● **What this task involves**: Reproduce the data below exactly. Skip the pictures.
====== Material provided
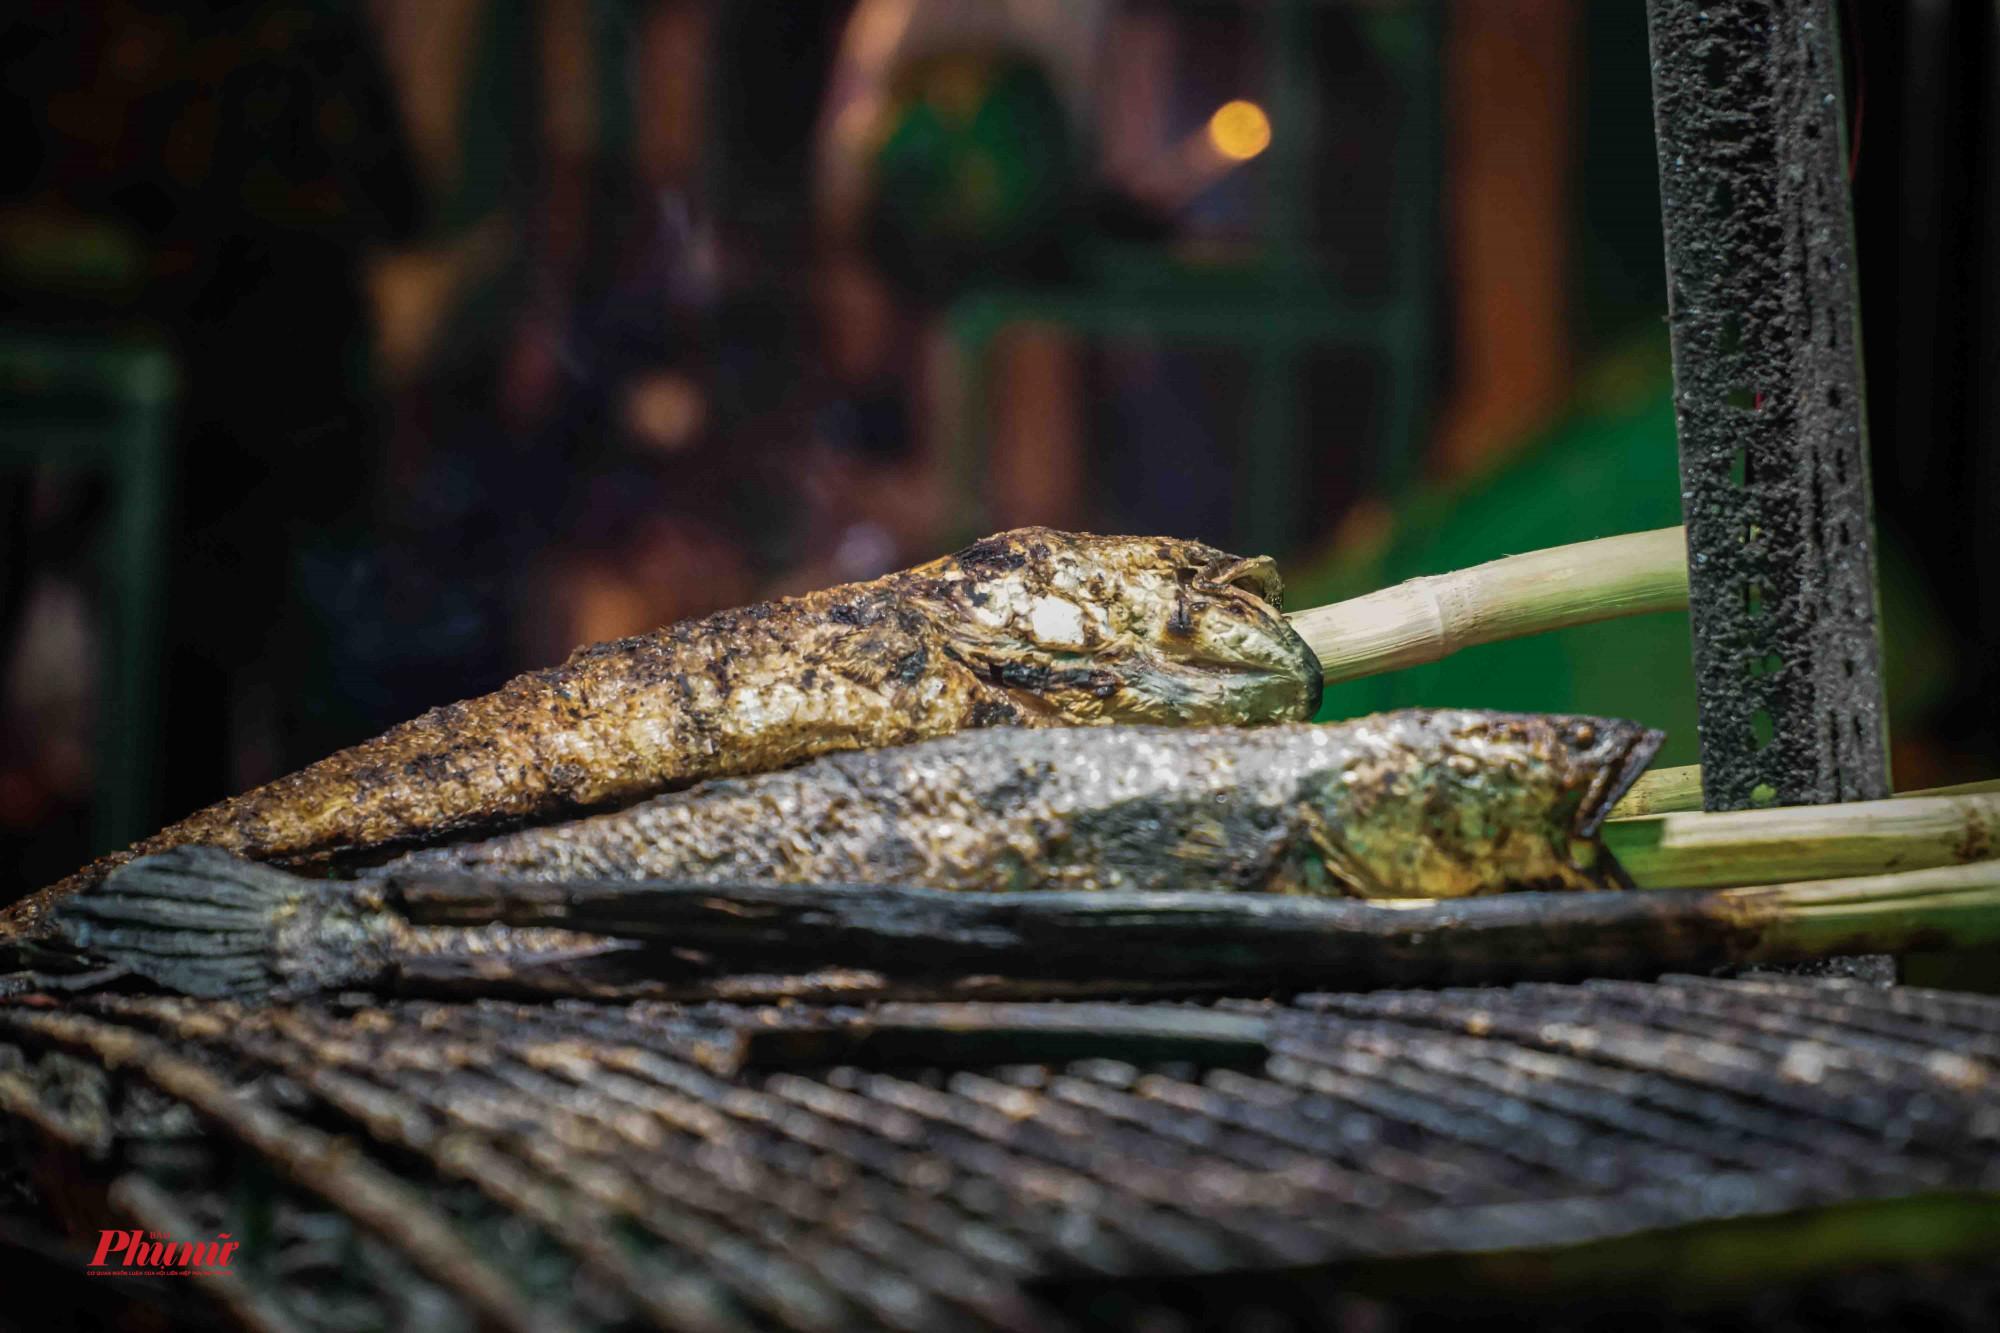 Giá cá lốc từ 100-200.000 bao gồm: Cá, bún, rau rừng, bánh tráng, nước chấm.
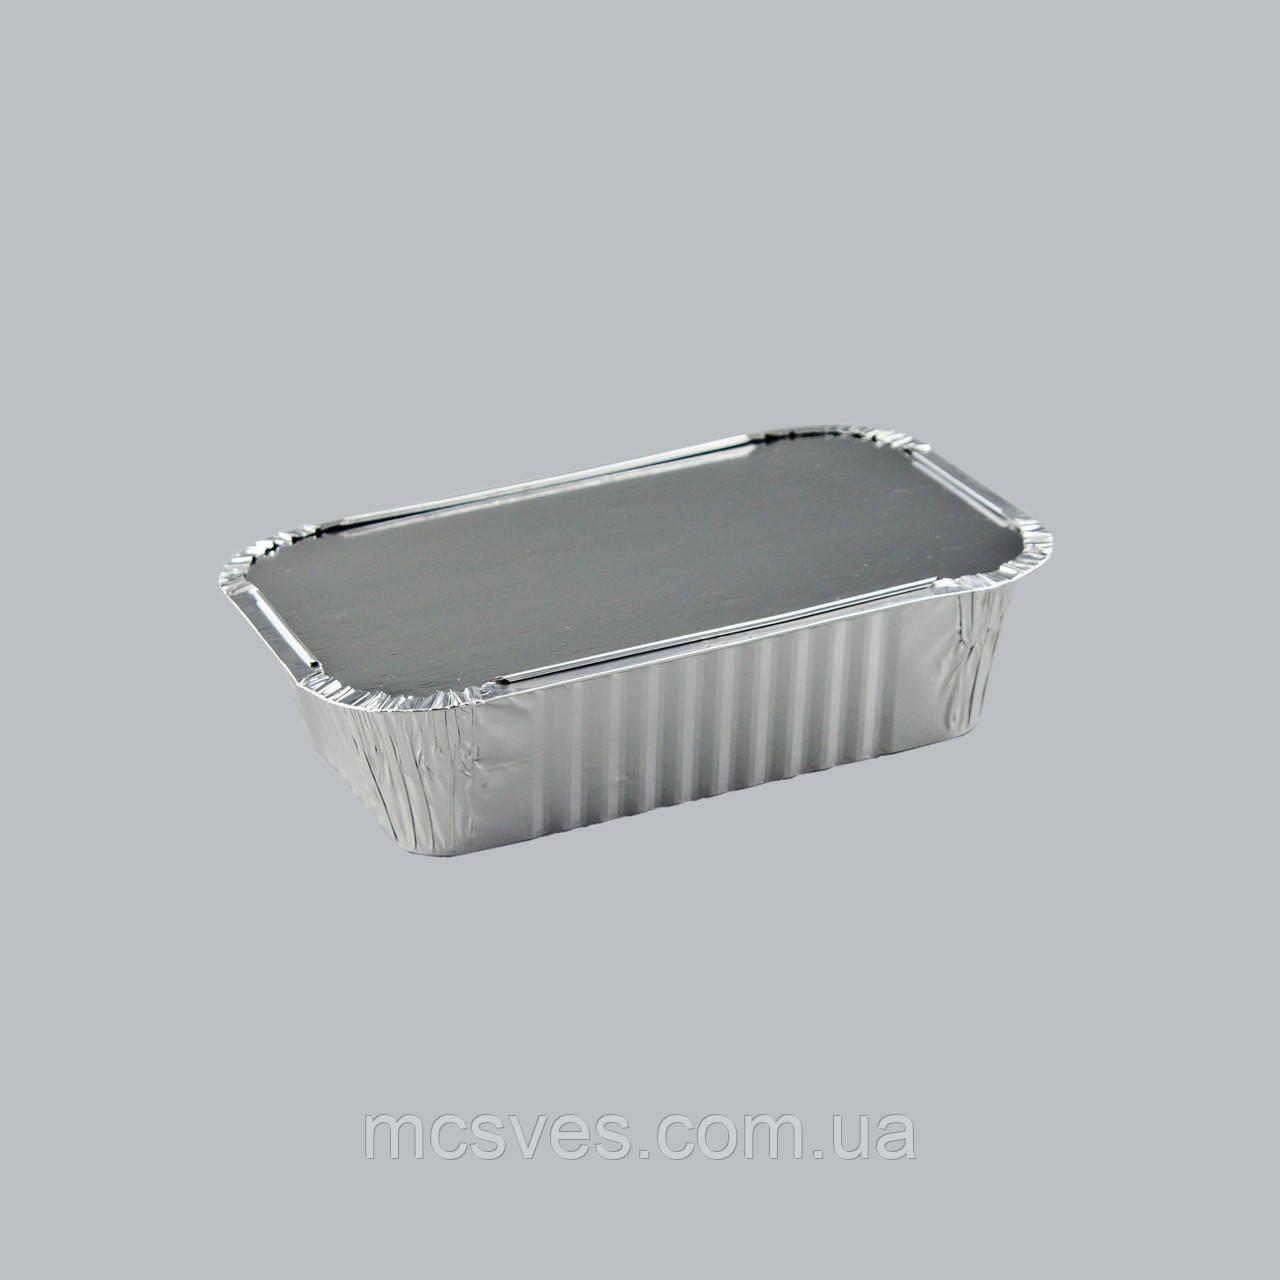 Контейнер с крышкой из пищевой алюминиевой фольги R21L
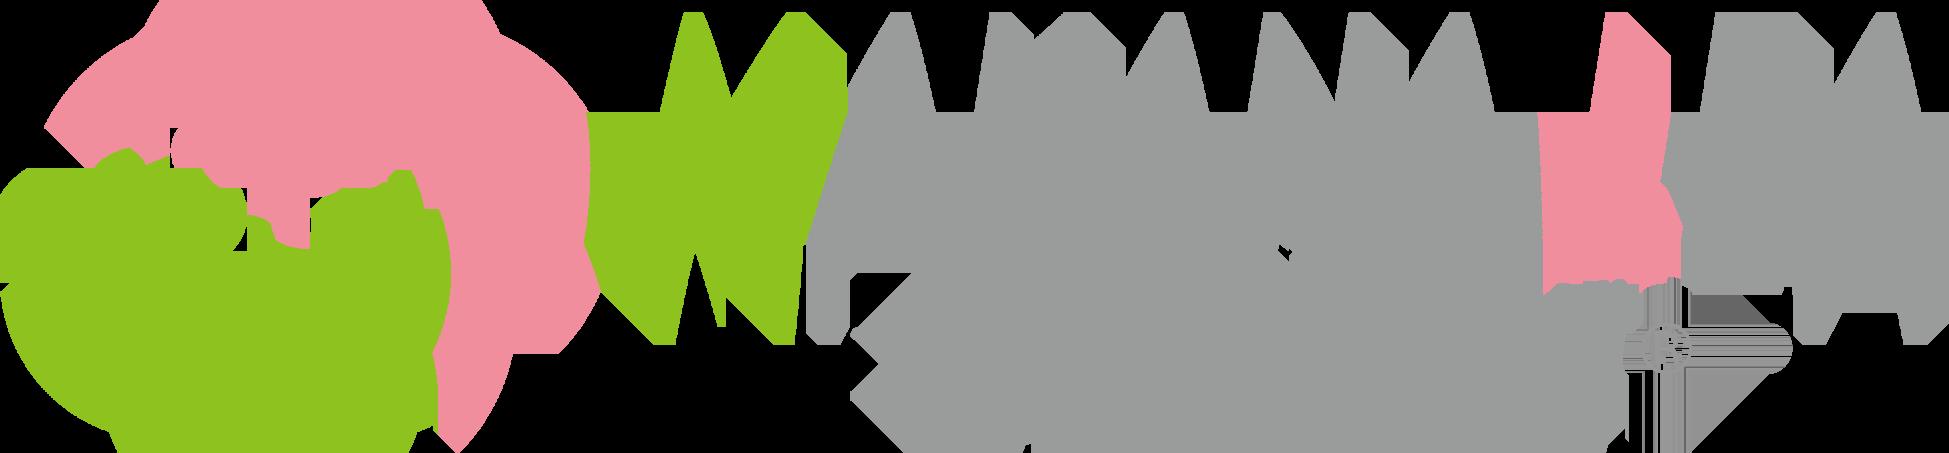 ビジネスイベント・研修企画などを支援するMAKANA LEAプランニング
============
● **Written response**:
 Giá cá lốc từ 100-200.000 bao gồm: Cá, bún, rau rừng, bánh tráng, nước chấm.
 Контейнер с крышкой из пищевой алюминиевой фольги R21L
 ビジネスイベント・研修企画などを支援するMAKANA LEAプランニング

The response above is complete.